Awara (Raj Kapoor, 1951)
****

The plot is almost straight from Dickens or Victor Hugo. Raj (director Kapoor) career criminal stands in the dock accused of attempted murder of Judge Raghunath (Prithviraj Kapoor, father of Raj), who believes criminals are born, not made. Raj is defended by Rita, the judge's adopted daughter (Nargis). Raj's defense is his life story. Years earlier, Leela, Raghunath's wife, was captured by Jagga, the bandit. As his revenge on the judge for wrongly sentencing him and setting him on his path of crime, Jagga, after finding out that Leela is pregnant, realizes that the judge will think the child is Jagga's and reject him, whereupon Jagga will complete his revenge by making the child a criminal.

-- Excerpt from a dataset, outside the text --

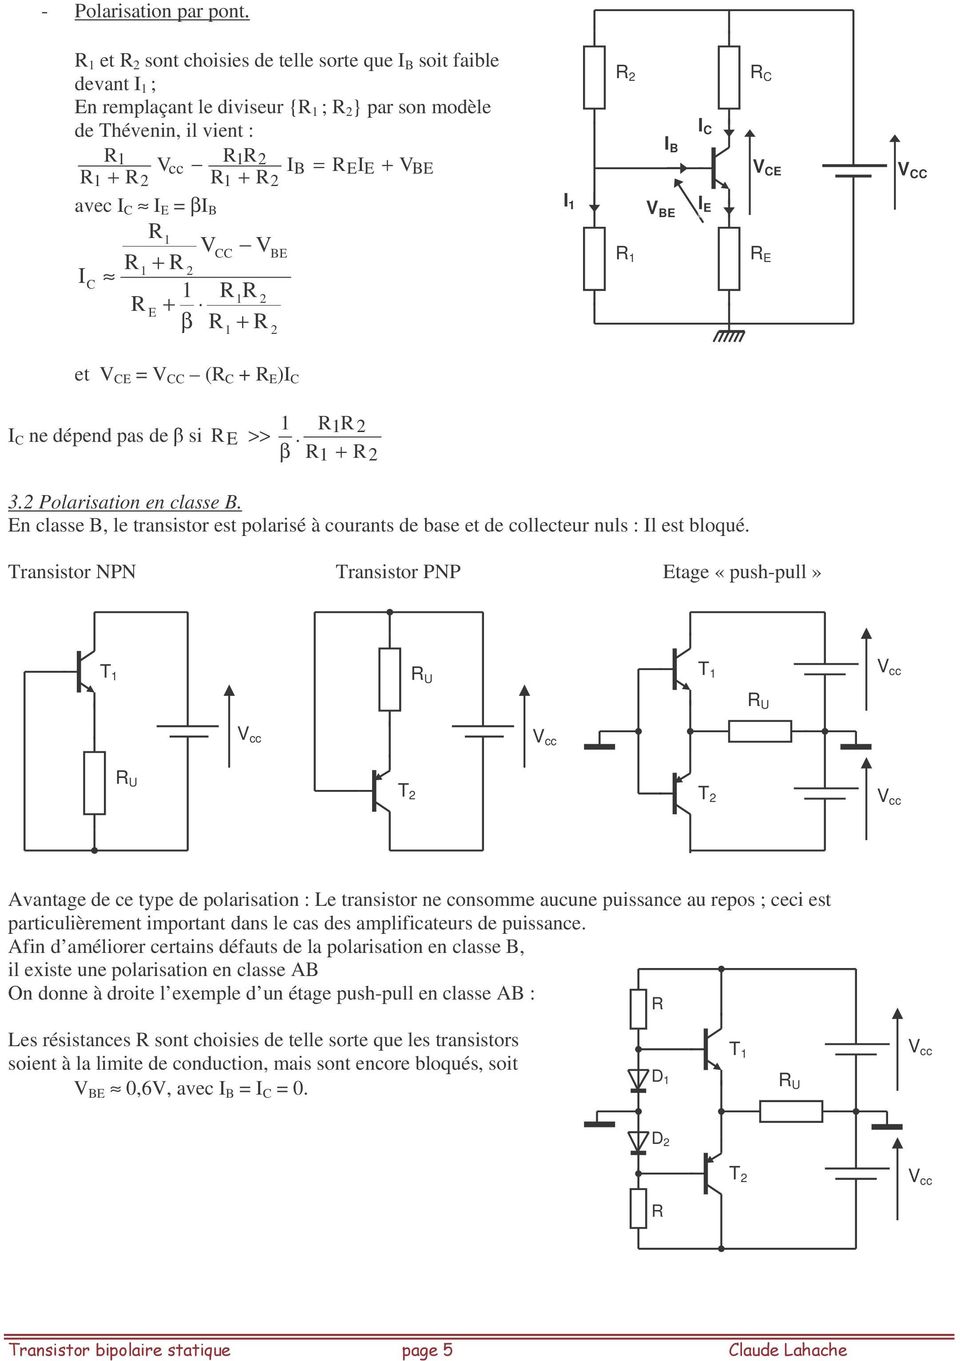 1 1 I et = ( + ) ne dépend pas de si >> 1 1. 1 + 3. Polarisation en classe B. n classe B, le transistor est polarisé à courants de base et de collecteur nuls : Il est bloqué.

That is just the setup. To detail the rest of the plot with its confrontations, coincidences, triumphs, and reversals would be a 19th-century doorstop novel in itself. The rich plot is only one of the many great elements in this movie. Kapoor's direction is equal parts Chaplin (Awara could be translated as tramp), Welles (low angles), neorealism (Raj also seems to be straight out of De Sica), and film noir (a key scene takes place at night on a rain-soaked street), with a dash of Powell and Pressburger (the dream sequence is like a Hindu version of A Matter of Life and Death's heaven, with dancing). The Bollywood film aspires to be a Gesamtkunstwerk that people would actually go see. This one succeeds. Song, dance, architecture, literature, theater, painting. It's all here and it's all excellent.